荀遠微聞言, 仰頭灌完了最後一口酒,隨手將手中的小酒壺往空中一拋擲,單掌在地上一撐, 站起身來。

而後走到照夜白跟前,擡手順了兩下它的鬃毛, 從馬鞍上解下一把劍來, 轉身朝戚照硯道:“接好了!”

戚照硯伸手將荀遠微朝他拋過來的劍握在手中, 在手中掂了兩下,手中的笛子暫且被他扔到地上。

他握住劍鞘,從中間一橫, 劍身上便映出他的面龐。

他忽然想起來,自己已經有三年沒有碰過刀劍了, 一時竟然有些恍惚,仿佛劍身上映照的並非是現在的他, 而是那個尚未及冠, 還束著馬尾的意氣風發的少年。

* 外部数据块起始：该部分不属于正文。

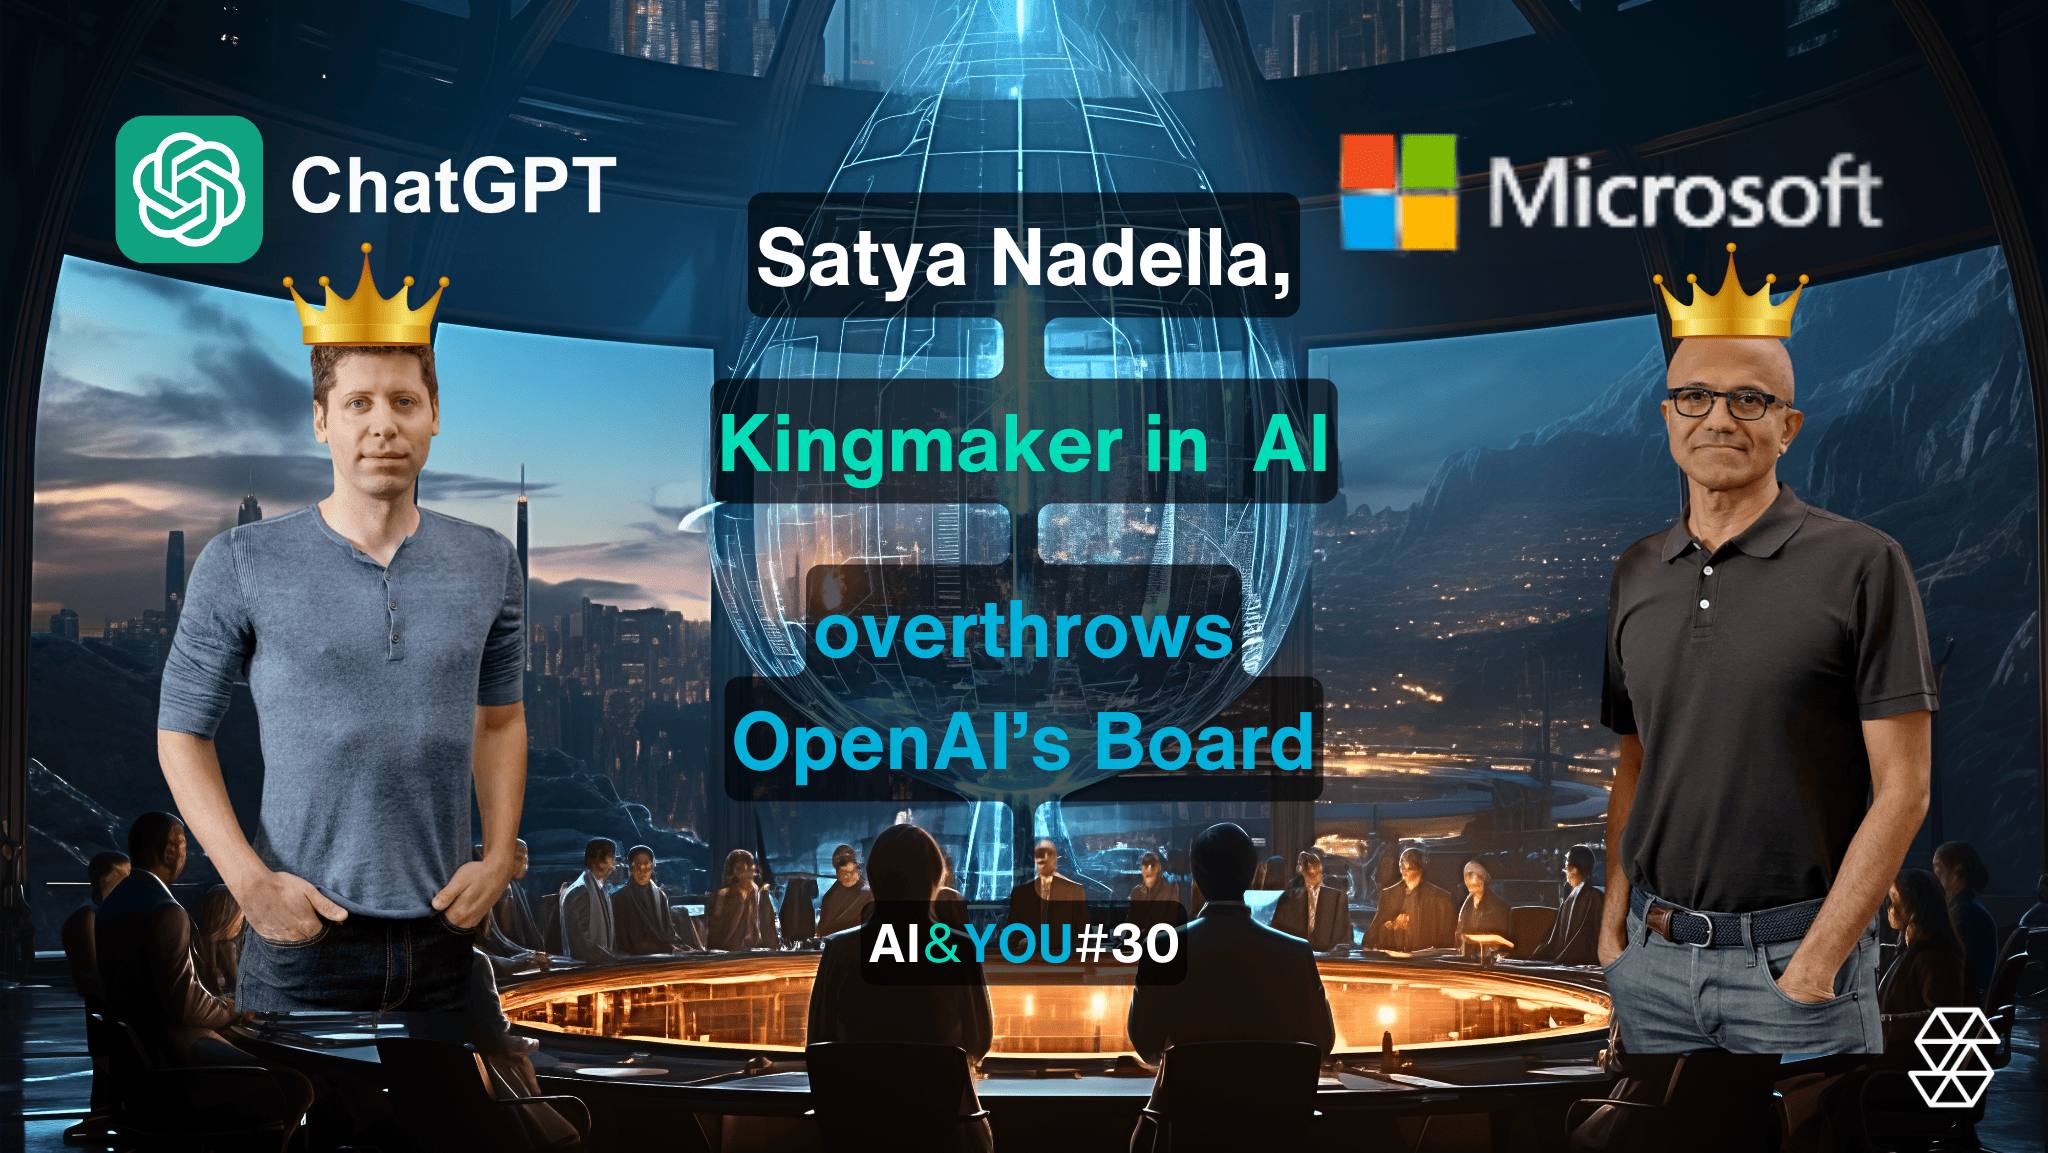 AI&YOU#30: Сатья Наделла грає в короля у світі АІ та скидає стару дошку Open AI

劍既出鞘, 劍身上便流轉著薄薄的夕光,跟著一並流淌往劍端。

剎那間,荀遠微的劍已經朝他飛來。

戚照硯將劍身橫在荀遠微伸來的劍端上,兩把劍交錯,荀遠微手中的劍在他的劍身上劃出一道火花來,這道火花又擦著他的劍身而過, 宛若一顆飛逝而下的流星,沒於劍端的時候, 便是流星墜入廣袤原野之時。

戚照硯翻了個腕,擡起自己手中的劍壓在荀遠微手中的劍之上,但並不多停留, 而是晃著手腕她不斷逼近。

荀遠微雖意外,但步子卻從容地往後退,力氣蓄滿的時候,她突然豎起手中的劍在面前一擋。

戚照硯手中的劍更軟一些,在碰到荀遠微手中的劍時,劍身朝上彎拱起一道弧度,他迅速撤回手中之劍,反手往頭頂一劃,一個往後仰身後,又俯身將手中之劍掃向荀遠微的腳下。

荀遠微輕踮腳尖,踩在了他的劍身上,向上旋身後,又落在了他兩劍之外的位置。

仰噴三山雪,橫吞百川水。

不知在何時,玉蟾已經緩緩出東山,滿地都是清輝。

戚照硯笑了聲,握緊手中的劍,朝荀遠微而去,“喚起一天明月,照我滿懷冰雪,浩蕩百川流!”

荀遠微彎了彎唇,也朝他而來,接道:“鯨飲未吞海,劍氣已橫秋。”

兩人錯身而過,荀遠微一邊看著他眸子中的自己,一邊手腕向下使力,將他手中的劍往下壓了壓。

“不知今夜幾人愁?誰念英雄老矣?”

荀遠微趁他說這句話的時候,將劍繞到他的劍下,朝上一挑,戚照硯朝後回撤,荀遠微便以手中之劍直指他的胸口。

她一手背在後面,“此事費分說,來日且扶頭!”

戚照硯轉手收了手中之劍,抱劍和荀遠微道:“臣多謝殿下劍下留情。”

荀遠微揚了揚眉。

戚照硯一邊收劍,一邊讚嘆:“好一個‘來日且扶頭’!”

兩人相視一笑,荀遠微順手從照夜白身上解下剩下的兩只酒壺,又與戚照硯並肩坐在原先那棵大樹下。

一天月色落兩身,最皎潔、最婉約。

荀遠微將其中一只酒壺丟到戚照硯懷中,道:“你說,英雄老矣,我卻覺得,你我鬢尚青。”

她說著轉頭看向戚照硯。

戚照硯彈開酒瓶上的木塞的手一頓,而後若無其事地借著將瓶塞彈開的動作,低下頭去,一邊挽著瓶子上的繩子,一邊若無其事地道:“殿下自然是年輕的。”

任誰都能聽出來他這句是搪塞之語。

荀遠微轉過頭來看著他,問道:“這裏也就只有你我二人,你既然說我尚且鬢青,那‘英雄老矣’中的英雄,便只能是指觀文你自己了?”

戚照硯默了下。

這是荀遠微第一次直接稱呼他的表字,即使這個表字曾被無數人稱呼過,但似乎這個時候,才帶上了些不一樣的感觸。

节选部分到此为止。